## Present Research

My research activities are focused on orthogonal arrays that could be useful for statistical designs of experiments . Here is an example of such an array.

0 | 0 | 0 | 0 | 1 | 1 | 1 | 1 | 2 | 2 | 2 | 2 | 3 | 3 | 3 | 3 |

0 | 0 | 1 | 1 | 0 | 0 | 1 | 1 | 0 | 0 | 1 | 1 | 0 | 0 | 1 | 1 |

0 | 1 | 0 | 1 | 0 | 1 | 0 | 1 | 0 | 1 | 0 | 1 | 0 | 1 | 0 | 1 |

0 | 1 | 1 | 0 | 1 | 0 | 0 | 1 | 0 | 1 | 1 | 0 | 1 | 0 | 0 | 1 |

The rows correspond with experimental factors, which can be varied at will in experimentation. Examples are temperature of a liquid, coarseness of material, and variety of wheat. Each row-entry is a factor-setting. So the first factor has four settings and the remaining three factors have two settings each. For example, one may wish to include four formulations of detergents and two washing temperatures in an experiment on cleaning towels.

The 16 columns of the orthogonal array shown here correspond with different experiments, or runs. When carried out in practice, each experiment will result in the measurement of one or more output variables that characterize the product or process one is interested in. The purpose of the series of experiments is to establish a relation between the outputs and the factor settings.

The array in the example has strength *t*=3, because each triple of rows is a full factorial design in three factors (repeated if the triple consists of two-level factors only). This property is convenient when you look at observations averaged over the runs with a common level of one of the factors. For example, there are four such averages for the four-level factor. We can study the main effect of this factor by comparing the four averages. Because of the strength-3 property, the difference in averages of a factor is not affected by the joint effect of any pair of other factors.

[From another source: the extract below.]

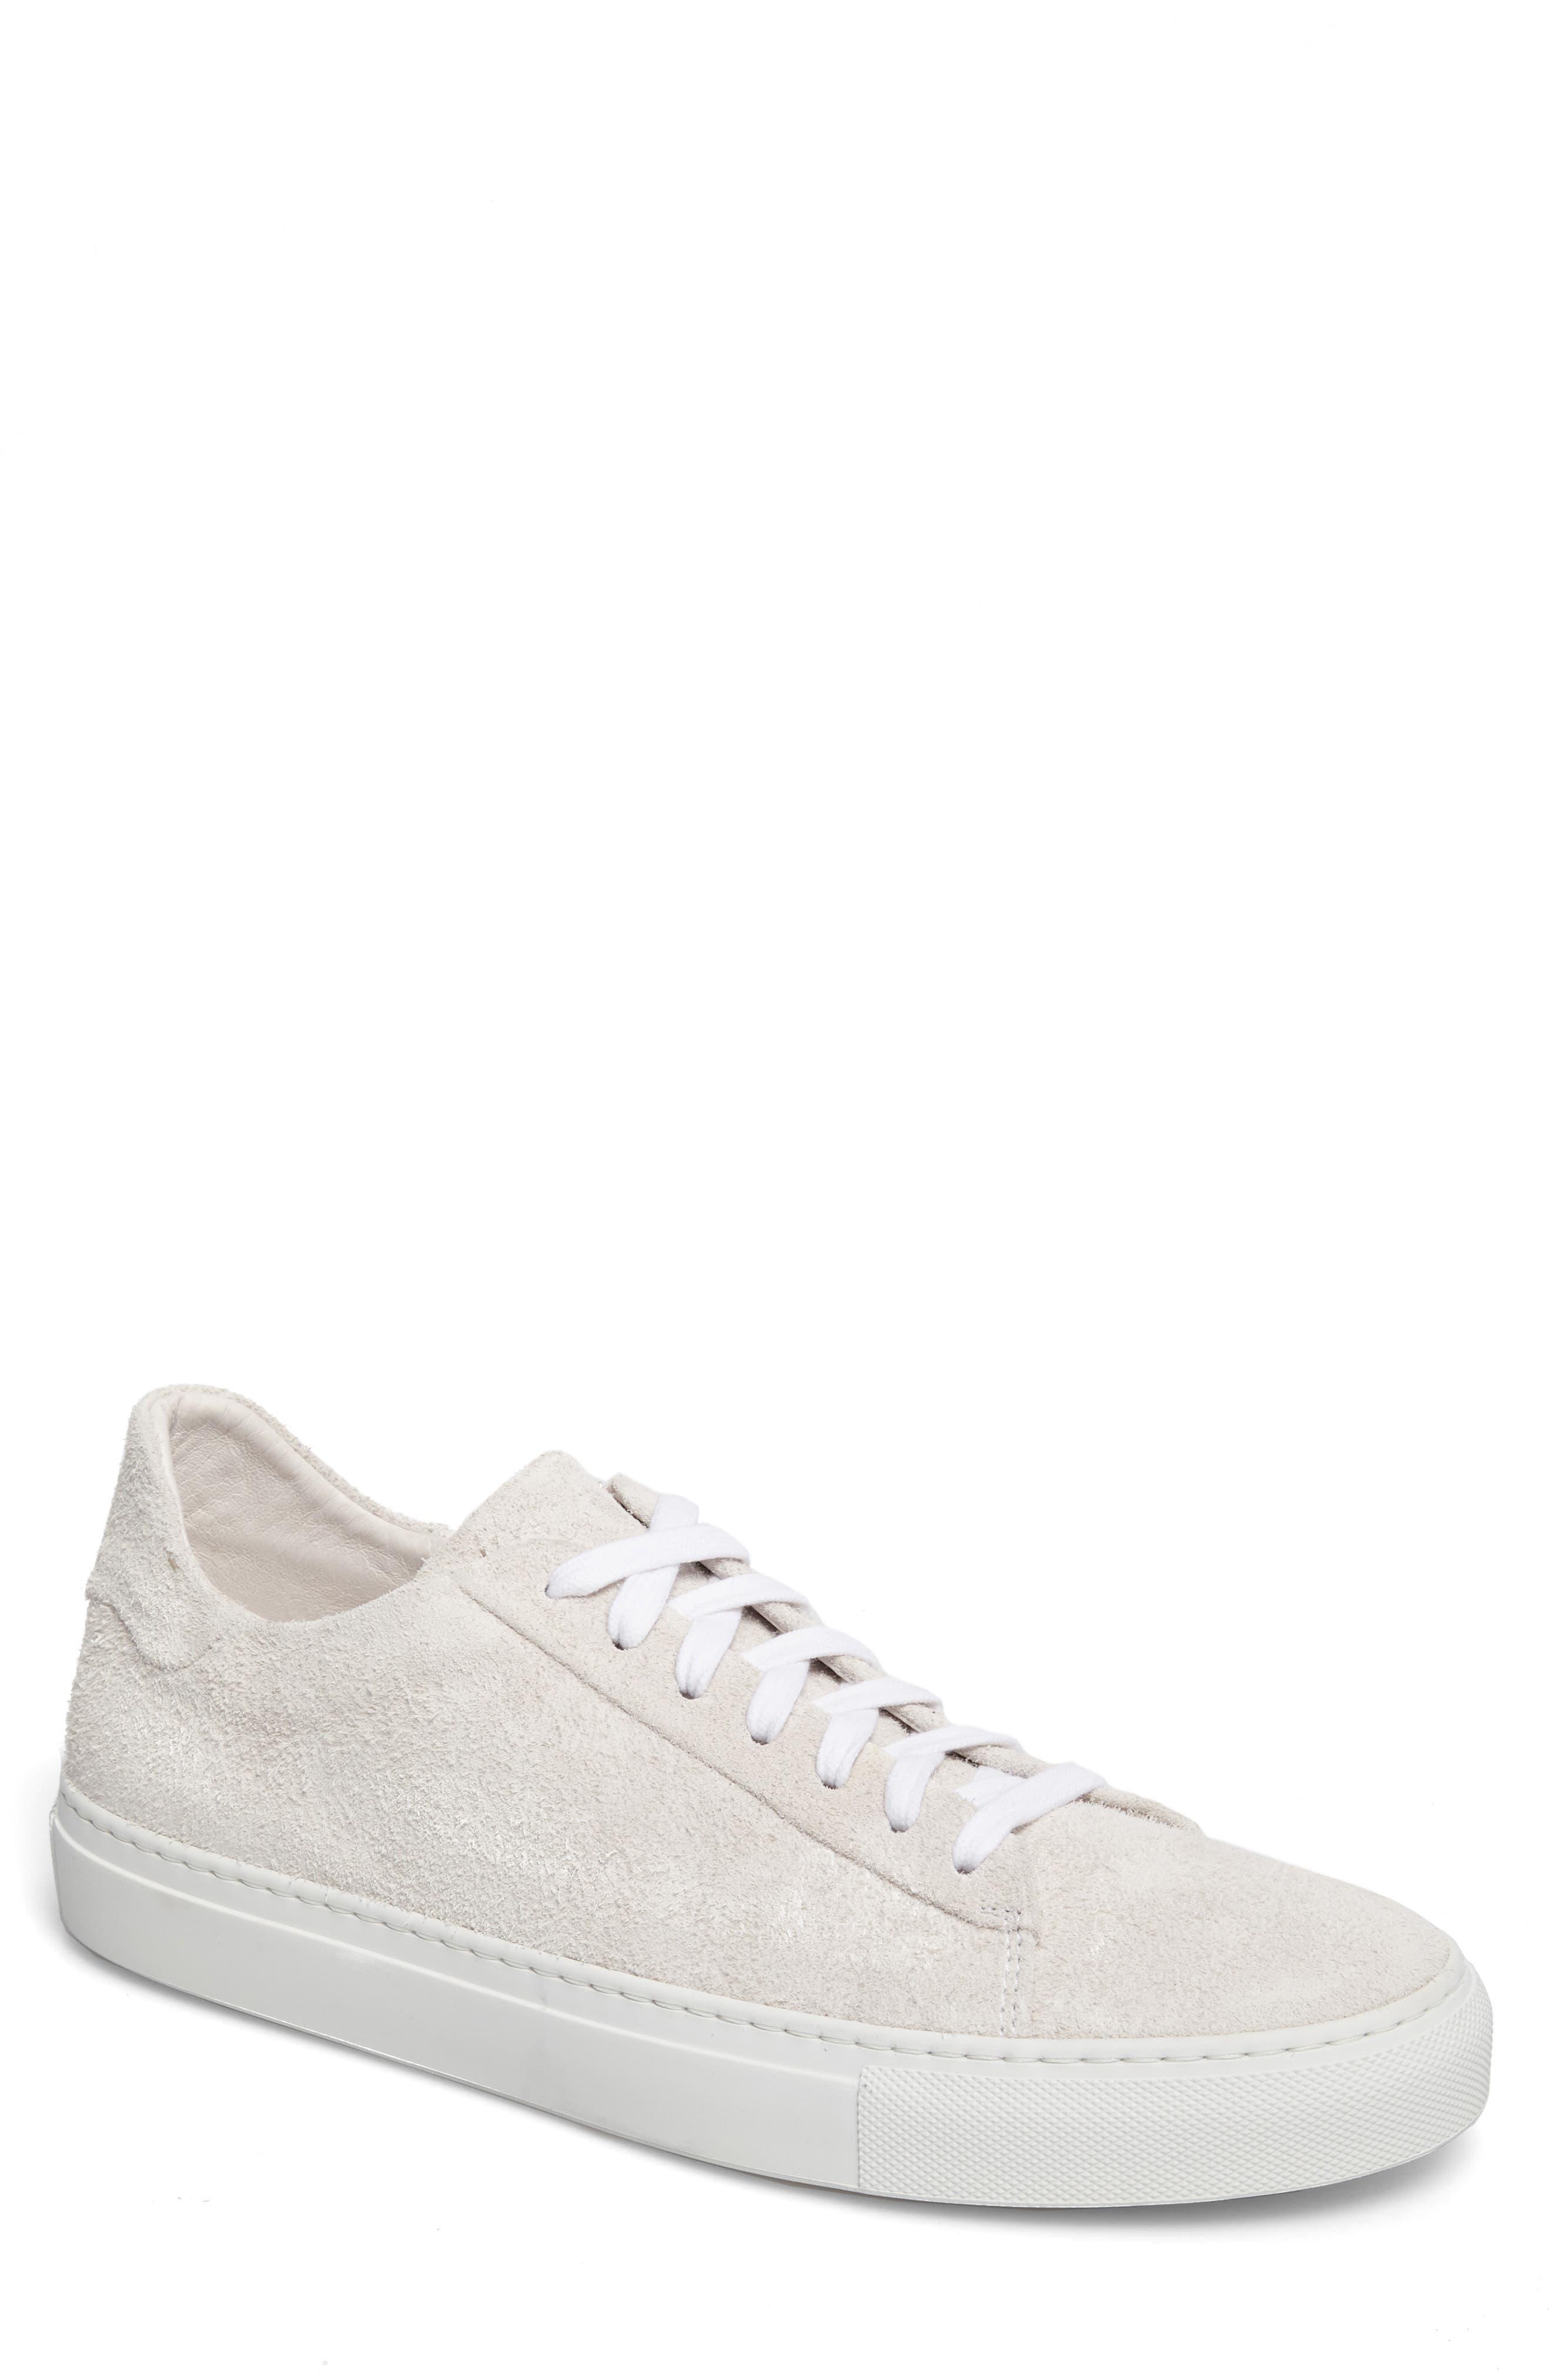 Court Sneaker,                         Main,                         color, 113

Strength, run size, and level numbers of the factors are collectively called the *parameters* of an orthogonal array. With the help of prof. Andries Brouwer (Eindhoven University of Technology, Netherlands), and Man Nguyen (University of Technology, Ho Chi Minh City, Vietnam) I formulated a general algorithm to enumerate all non-isomorphic orthogonal arrays of strenth 3 and given parameters (2005). Under my supervision, Ruben Snepvangers wrote a C program for parallel computing of the arrays of any strength given the parameters (2006). The program was good enough for small cases, but got stuck for cases with amny factors or experiments. In 2008, I had the good luck to meet Pieter Eendebak, who is a TNO colleague. We started a collaboration which resulted in a tremendous increase in efficiency. We collected an extensive collection of arrays; please refer to the ‘Series of Arrays’ page of this site. Since then, my research focuses on exploring the many different series of orthogonal arrays and generation of attractive subclasses. Hot issues at this moment are

- Are there efficient ways to employ the basic algorithm for generating attractive subclasses of arrays? (Joint research with Pieter Eendebak and Nha Vo-Thanh.)
- If we have a complete series of arrays, how do we select an array for practical use? For arrays with the same factors but different run sizes, do the extra runs pay off? (Joint research with Robert W. Mee and David Edwards.)
- How can we block the arrays with two crossed blocking factors (for example, six week days and four machines) in groups orthogonal to the main effects? (Joint research with Nha Vo-Thanh and Peter Goos.)
- How can we best join two orthogonal arrays such that an array with a larger run size and the same number of factors results that is better than the individual arrays? (joint research with Alan Vazquez and Peter Goos.)